With 88% of clients saying “no”, plain accuracy is a trap. A KNN baseline reached 90% accuracy — but only 31% recall on the “yes” class: it missed two-thirds of the actual subscribers, which are exactly the clients the bank cares about. The right lens is the minority class's precision and recall, not the headline accuracy.

The remedy applied was SMOTE (Synthetic Minority Over-sampling Technique): instead of duplicating minority examples, it synthesizes new ones between existing neighbors. Crucially, SMOTE was fit on the training set only, never the test set, to avoid leaking synthetic information into evaluation.

SMOTE consistently shifted the trade-off the same way — more recall on subscribers, at the cost of some precision. On KNN, minority recall jumped from 0.31 to 0.58 while precision fell from 0.57 to 0.42. On Random Forest it balanced out neatly to 0.55 precision / 0.55 recall on the “yes” class. The lesson: SMOTE doesn't conjure free performance — it rebalances which errors the model makes.

05

The models

Seven classifiers were trained and compared, each evaluated with and without SMOTE: KNN, Random Forest, Logistic Regression, MLP (neural network), Naive Bayes, Decision Tree (Gini and Entropy), and SVM.

A practical note on SVM: with an RBF kernel it took several minutes to train on the full 45k rows, so it was evaluated on the smaller bank.csv sample — a real-world reminder that some models don't scale cheaply.

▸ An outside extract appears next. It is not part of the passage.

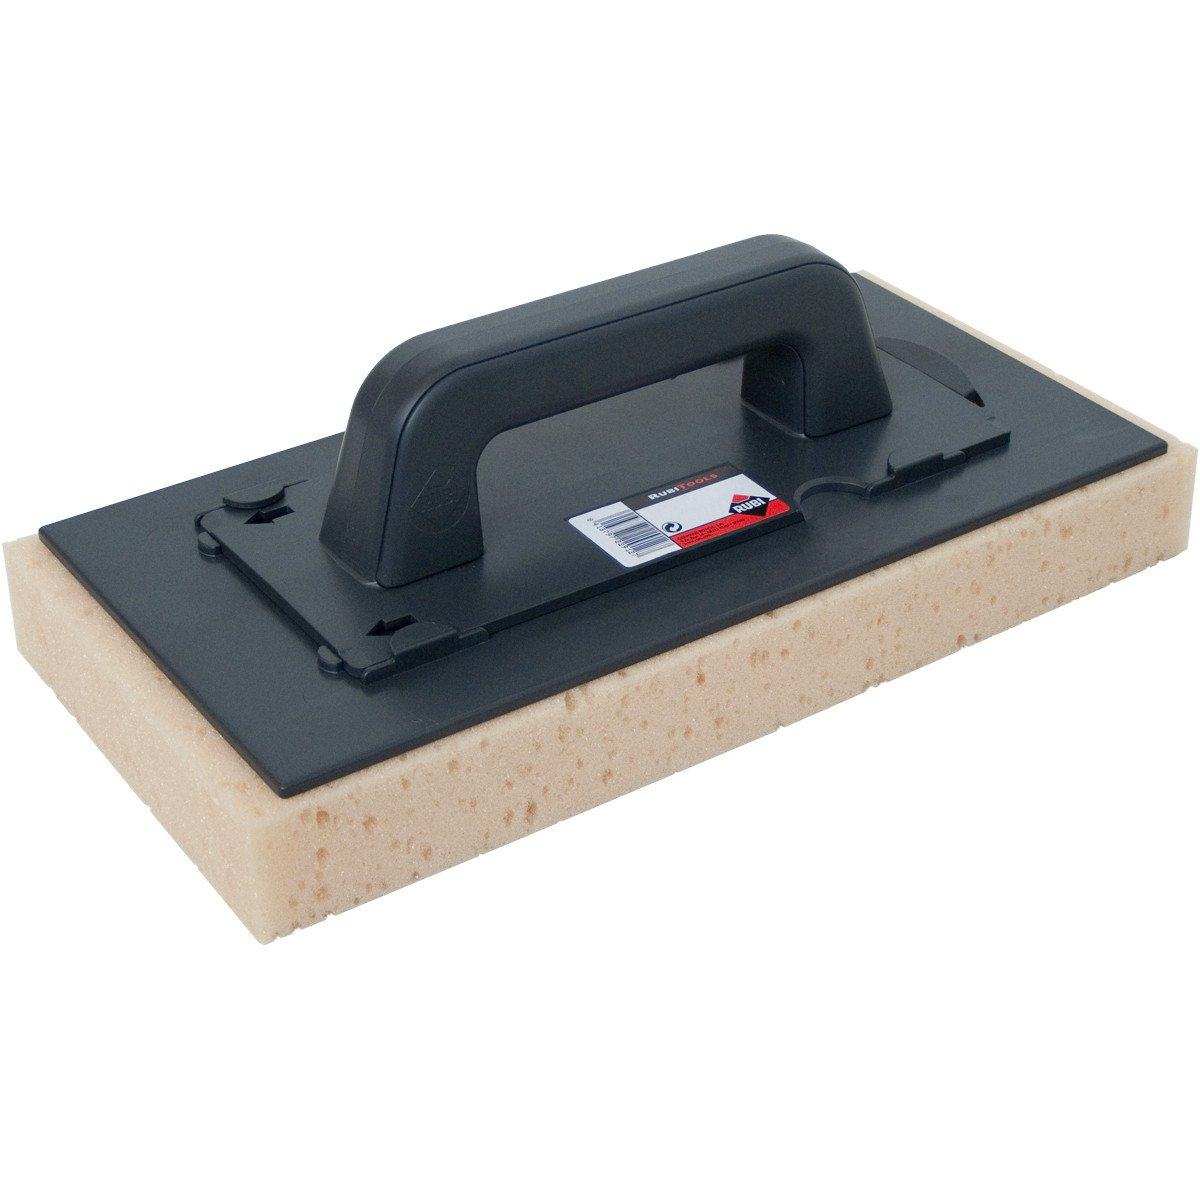 Rubi Tools Rubiclean Triple Wash Bucket Includes 1 Interchangeable Sponge With Handle by Rubi Tools (Image #4)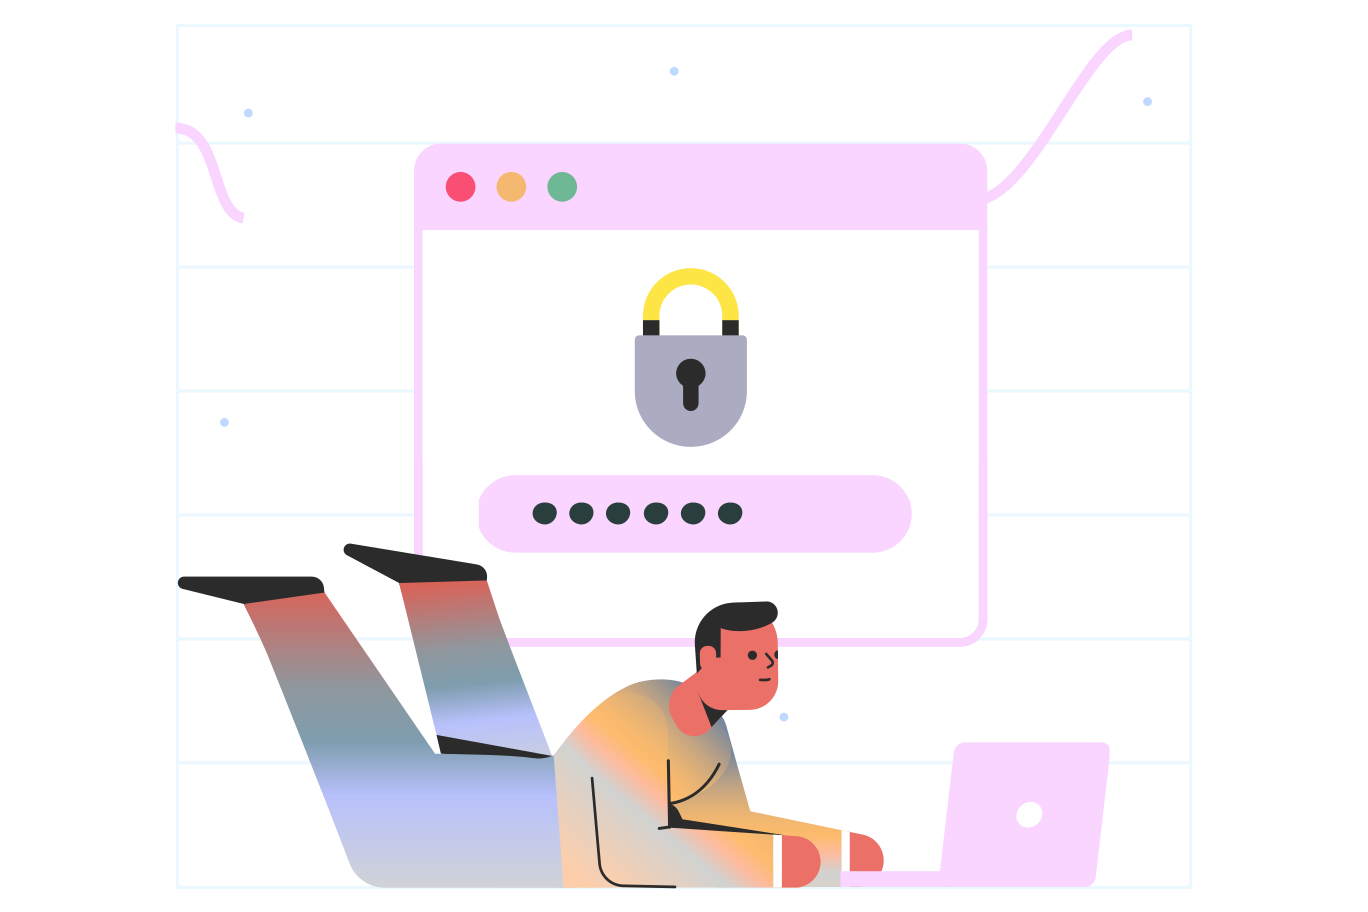 Sicheres passwort Clipart-Grafik als PNG, SVG

ROC curve for the KNN model
ROC curve for KNN (AUC ≈ 0.82). ROC AUC is a far more honest summary than accuracy on imbalanced data, since it weighs performance across all decision thresholds.

06

Results

Ranking the models on accuracy, macro precision, and ROC AUC (with SMOTE applied) gives a clear winner:

ModelAccuracyPrecisionROC AUC
Random Forest(best)0.9080.7510.923
Logistic Regression0.8990.7270.894
KNN0.8750.6840.838
Naive Bayes0.7960.6200.828
Decision Tree (Gini)0.8700.6540.689
Decision Tree (Entropy)0.8700.6520.682

Random Forest leads on every metric (ROC AUC 0.923), with Logistic Regression a close and far simpler runner-up (0.894). KNN and Naive Bayes trail; the single Decision Trees have decent accuracy but weak AUC, a sign they discriminate the two classes less reliably across thresholds. SVM (on the reduced sample) landed around 0.90 accuracy but a low minority precision of 0.50.

07

Takeaways

StepSkill demonstrated
EDA on 45k rows, 16 featuresReading distributions and target relationships
Outlier removal, scaling, encodingPreprocessing pipeline
Diagnosing class imbalanceKnowing accuracy lies — reading precision/recall
SMOTE on train onlyResampling without data leakage
Seven-model comparisonBreadth across classifier families
ROC AUC as the yardstickChoosing the right metric for imbalance

What I take away: on imbalanced data, the model choice matters less than understanding the metric. Every classifier here predicted “no” well and struggled with “yes”; the work was in surfacing that honestly, fixing it with SMOTE where it helped, and picking ROC AUC over accuracy to rank them.